The effort by Cain and his campaign to besmirch Bialek’s character and highlight her troubled financial circumstances have been amateurish.

And while there certainly are damage-control experts who might advise a full frontal assault on the accuser, the effort by Cain and his campaign to besmirch Bialek’s character and highlight her troubled financial circumstances have been amateurish. As Politico is reporting today, “records of all the legal filings referenced by the Cain campaign – and a few more not referenced … appear to be liens placed on her for unpaid bills or rent, and all are for relatively small sums in the four-digits.”

Bialek’s story is that in 1997, after being fired from her job as manager of industry relations for the Educational Foundation of the National Restaurant Association, she traveled to Washington to meet with Cain, then president of the NRA, and seek his help in finding employment. When she got to her hotel, she found her room was a palatial suite because, as she alleges Cain later said, he “upgraded” her.
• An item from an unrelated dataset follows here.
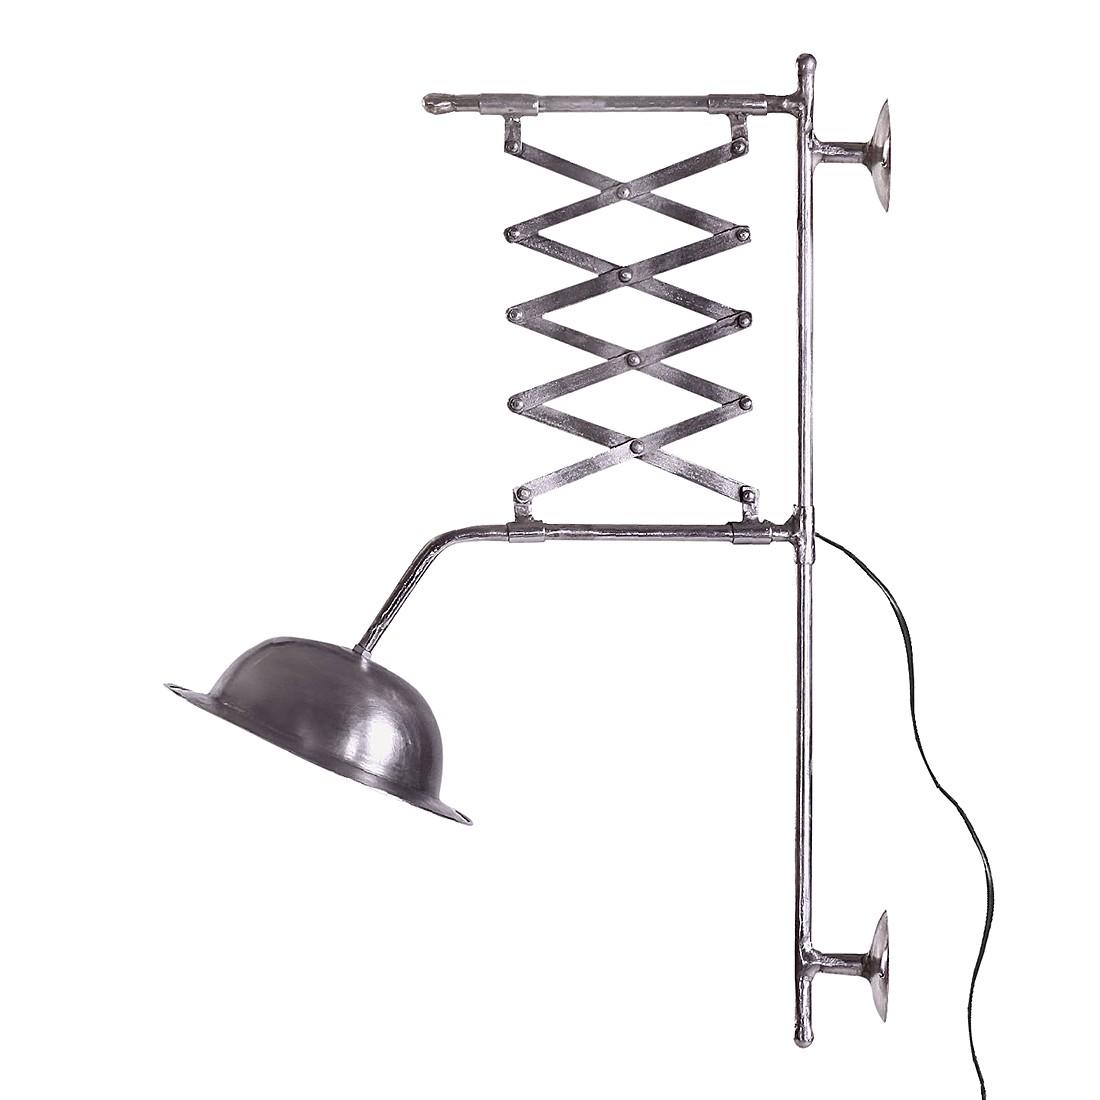 Wandlampe Vanha - Eisen - vernickelt - 1-flammig, furnlab

After drinks and dinner, they were in a car when, she alleges, Cain put his hand up her skirt and tried to push her head toward his crotch, saying: “You want a job, right?”

Cain says the incident never happened, but whether it did or didn’t could certainly be cleared up by hotel records – if they still exist. Or perhaps he could bring forth his daybook from the restaurant association – if that’s still available -- to demonstrate where he was and what he was doing on the day and evening in question.

Curiously for a woman who claims she is seeking nothing but the truth and an apology from Cain, Bialek engaged the services – or at least was accompanied by – legal she-wolf Gloria Allred and held a very un-monastic press conference at the Friars Club in Manhattan (in the Milton Berle Room, no less). Given her financial travails, Bialek’s motives remain suspect.

But it is not Bialek the Cain campaign should fear. It is the Treasury spokeswoman Kraushaar. “I am interested in a joint press conference for all the women where we would all be together with our attorneys and all of these allegations could be reviewed as a collective body of evidence,” Kraushaar told The Washington Post.  Kraushaar, a former journalist who is married to a Republican lobbyist, only came forward, the Post says, after her identity was revealed by The Daily.

At his press conference, Cain called Kraushaar’s allegations “baseless” and went corporate in parsing the difference between a “settlement” and a company “severance agreement,” which Kraushaar is said to have received.

Clearly Cain can talk the corporate talk when he wants to and he remained gentlemanly throughout his press conference, at one point requesting similar behavior from the press, saying: “I ask that the media not drag my family into this.”

The bottom line is that maybe it would be refreshing to have a businessman in the White House. Now it’s up to Cain to prove he’s not a funny-business man.